== Problem description ==
Omit all pictures, then repeat the listing exactly.

== The data ==
_____

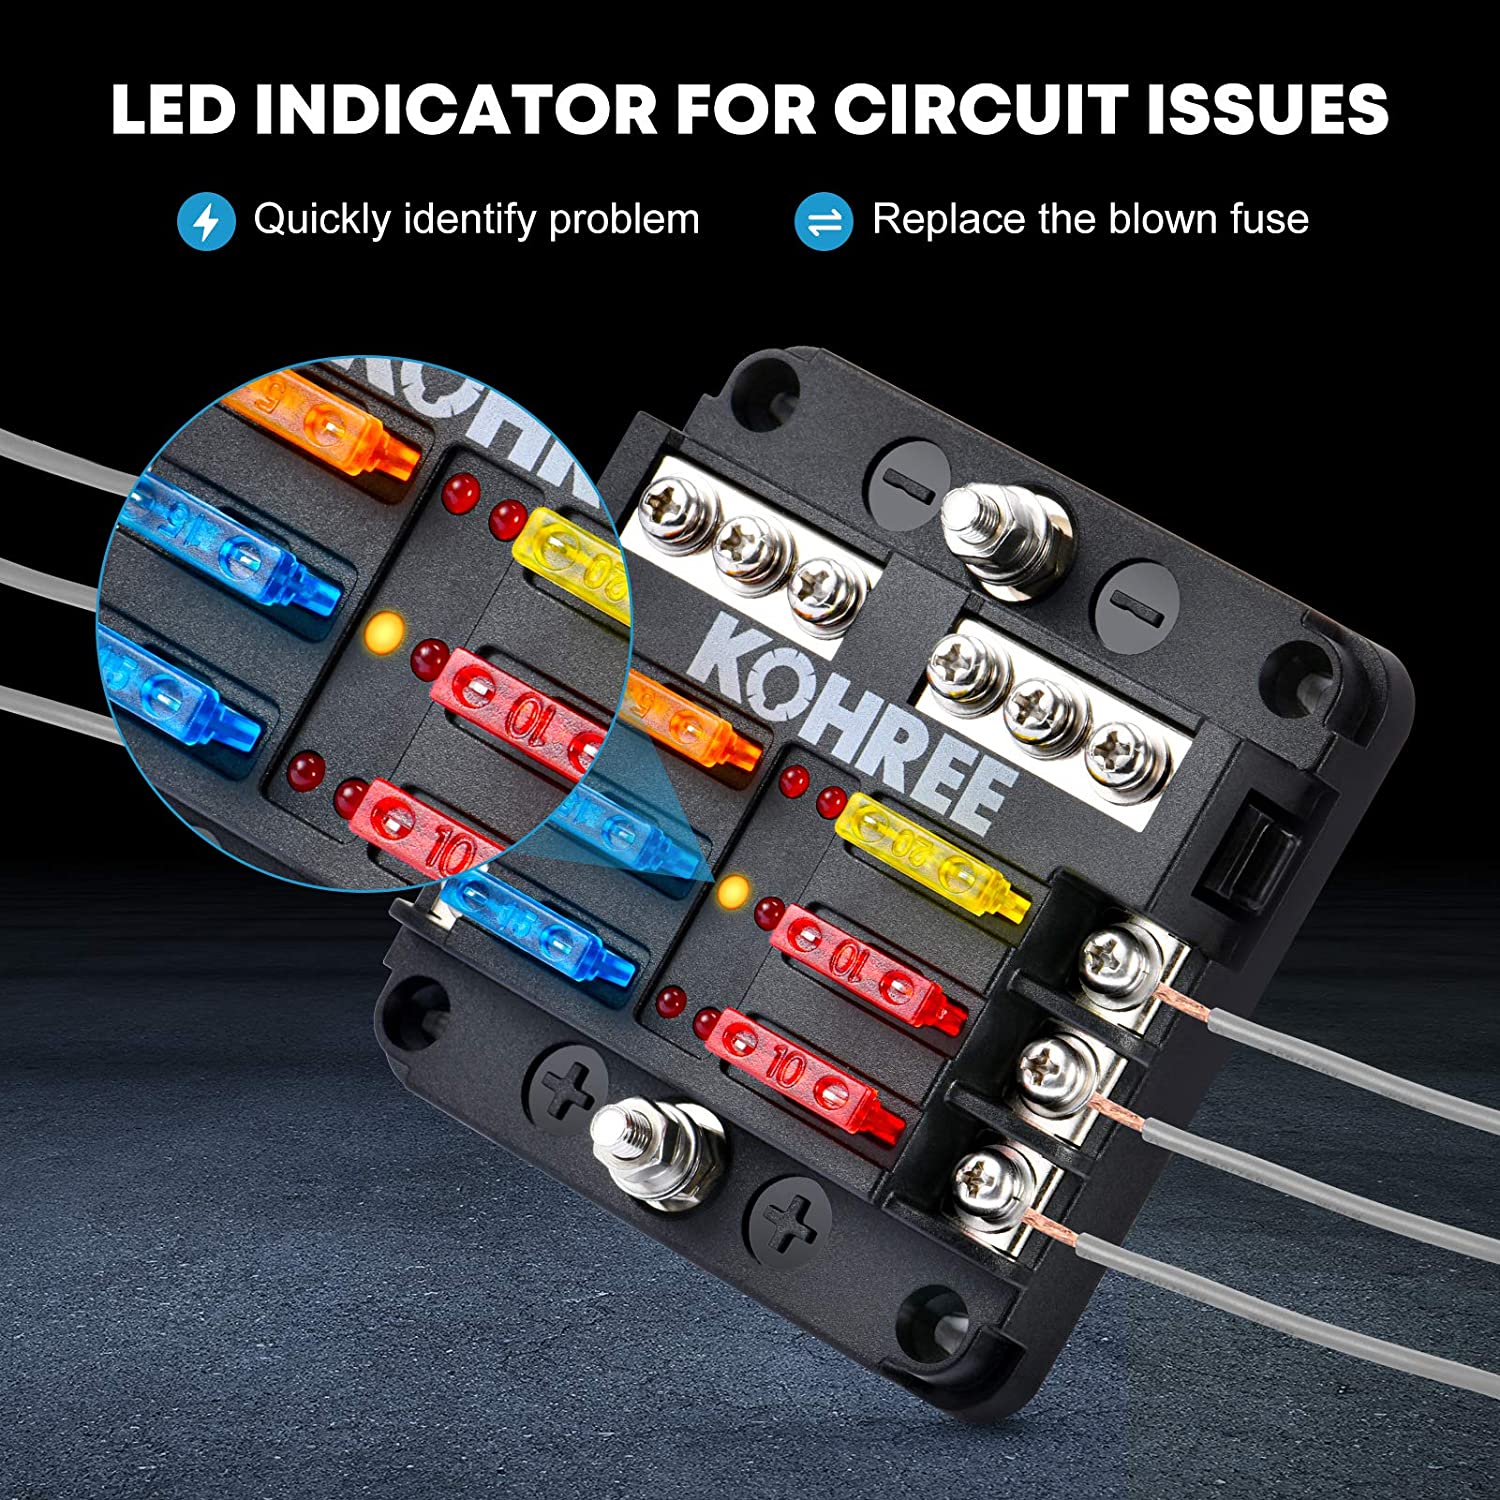 LED Indicator for Circuit Issues
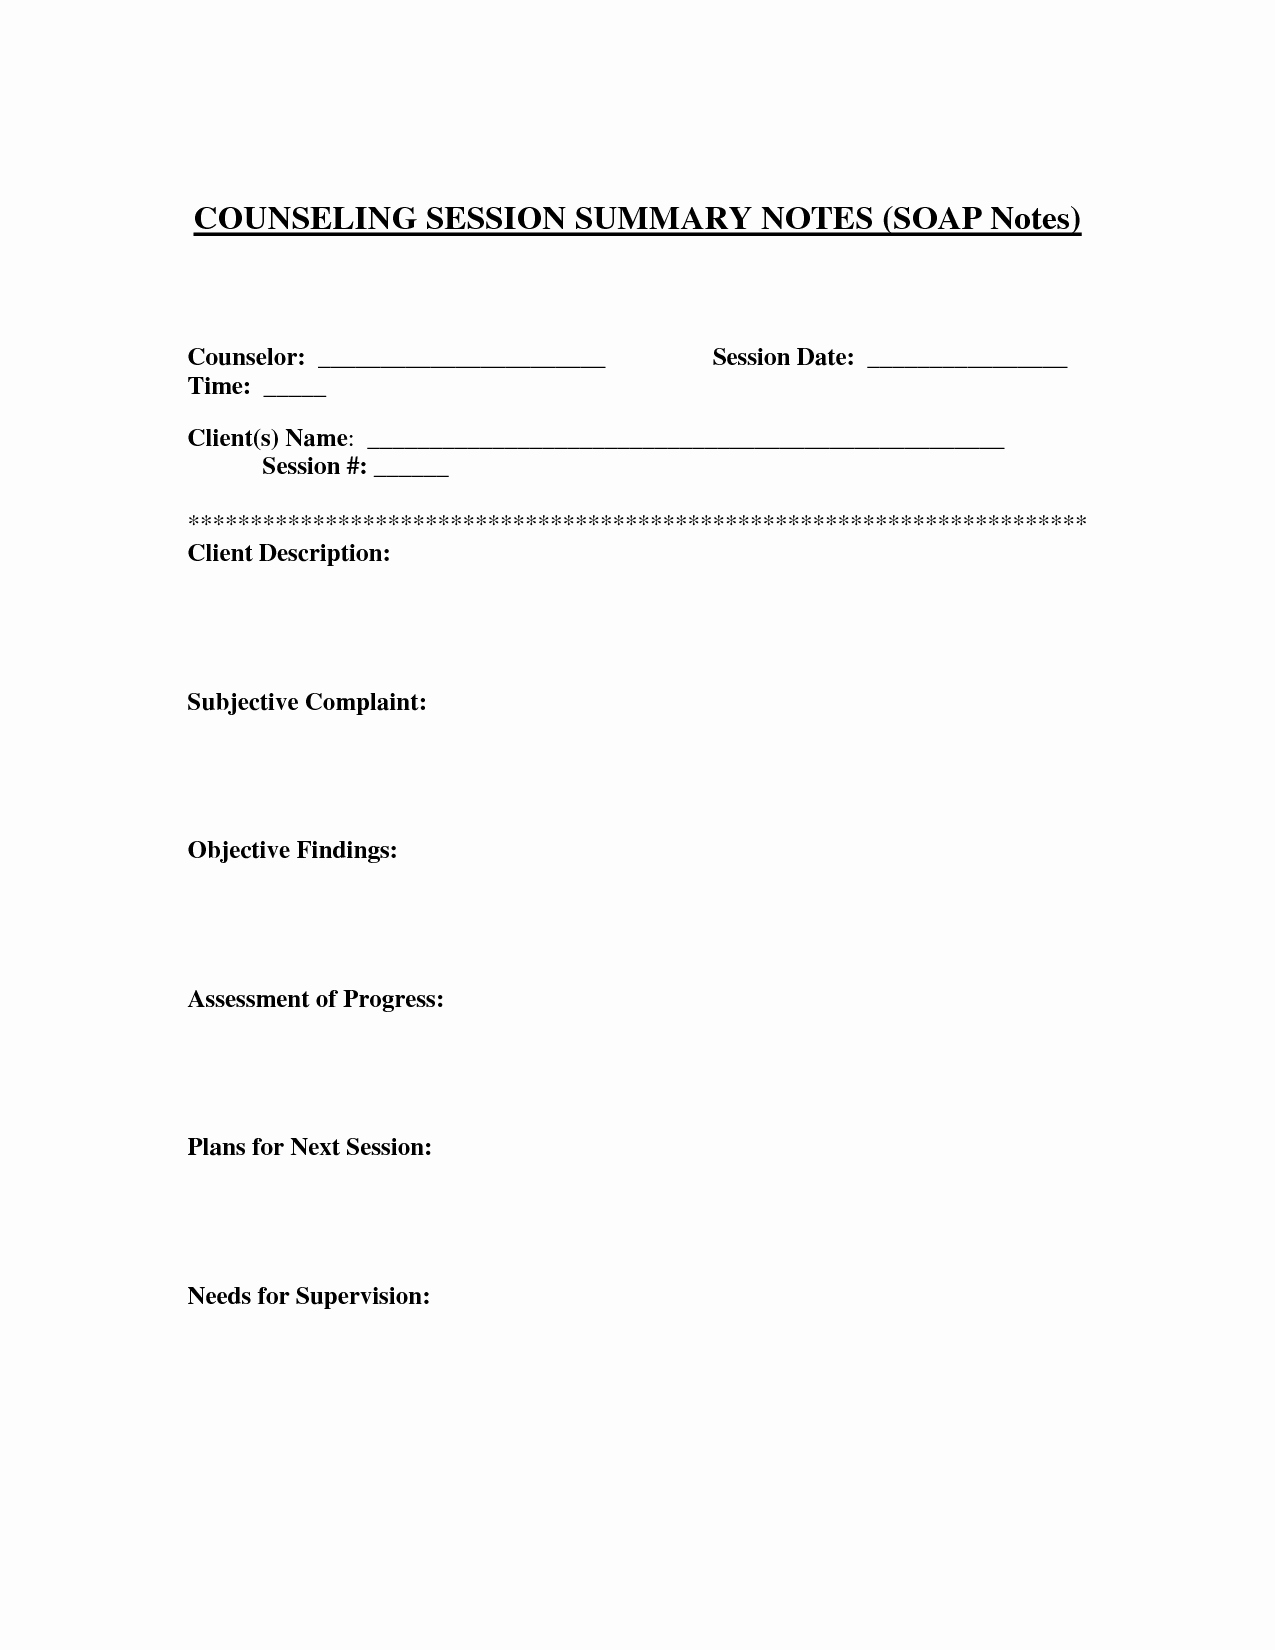 Blank soap Note Template Fresh soap Notes Template for Counseling Google Search
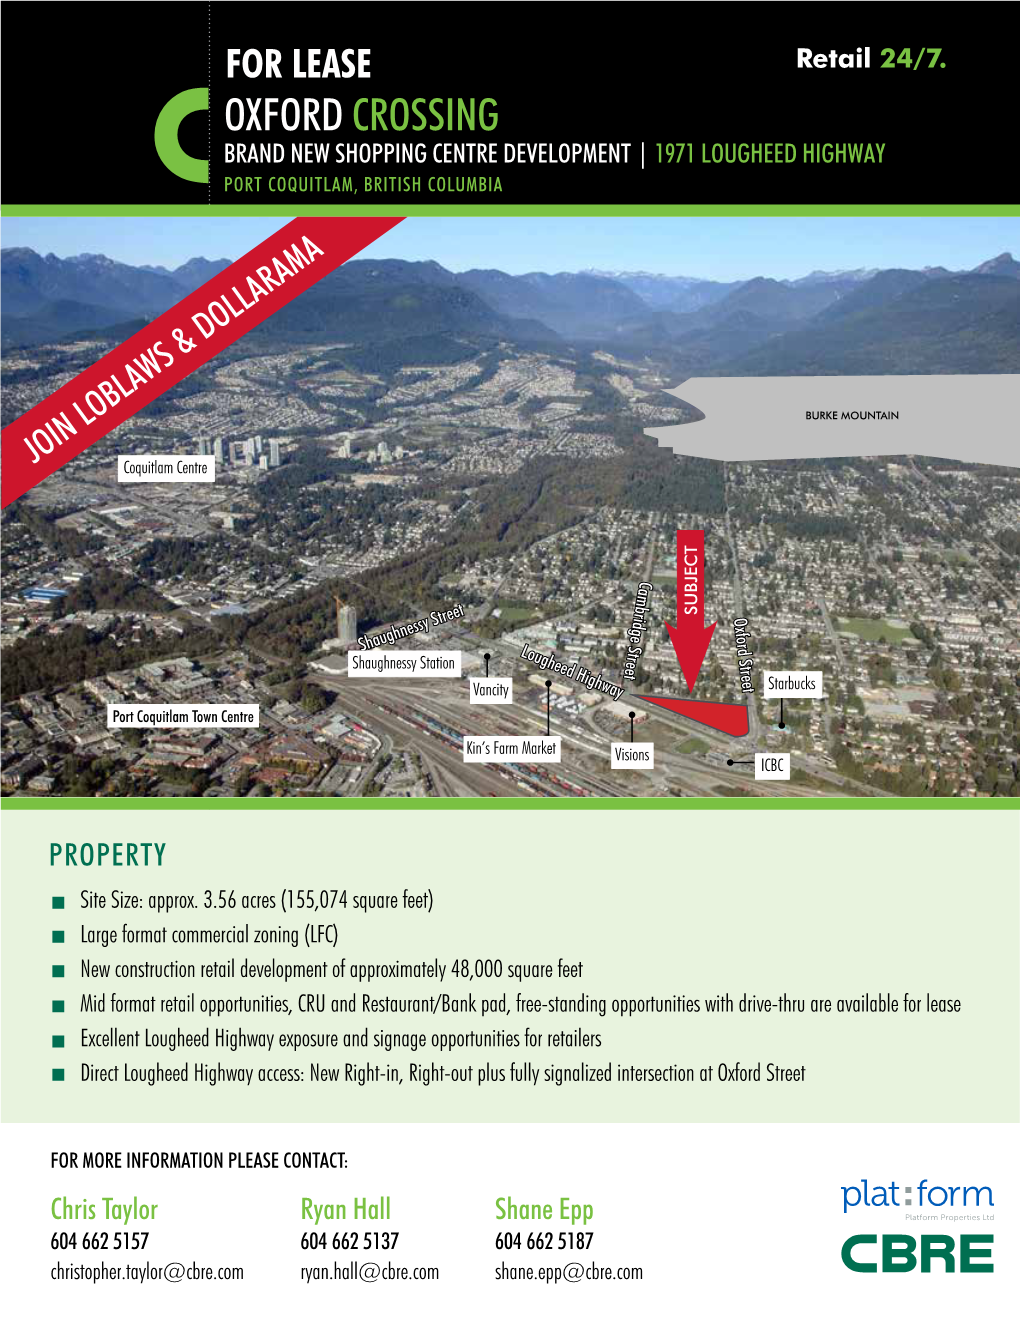 FOR LEASE Oxford Crossing Brand New Shopping Centre Development | 1971 Lougheed Highway PORT COQUITLAM, British Columbia

_____

== Reply to the exercise ==
 LED Indicator for Circuit Issues
 Blank soap Note Template Fresh soap Notes Template for Counseling Google Search
 FOR LEASE Oxford Crossing Brand New Shopping Centre Development | 1971 Lougheed Highway PORT COQUITLAM, British Columbia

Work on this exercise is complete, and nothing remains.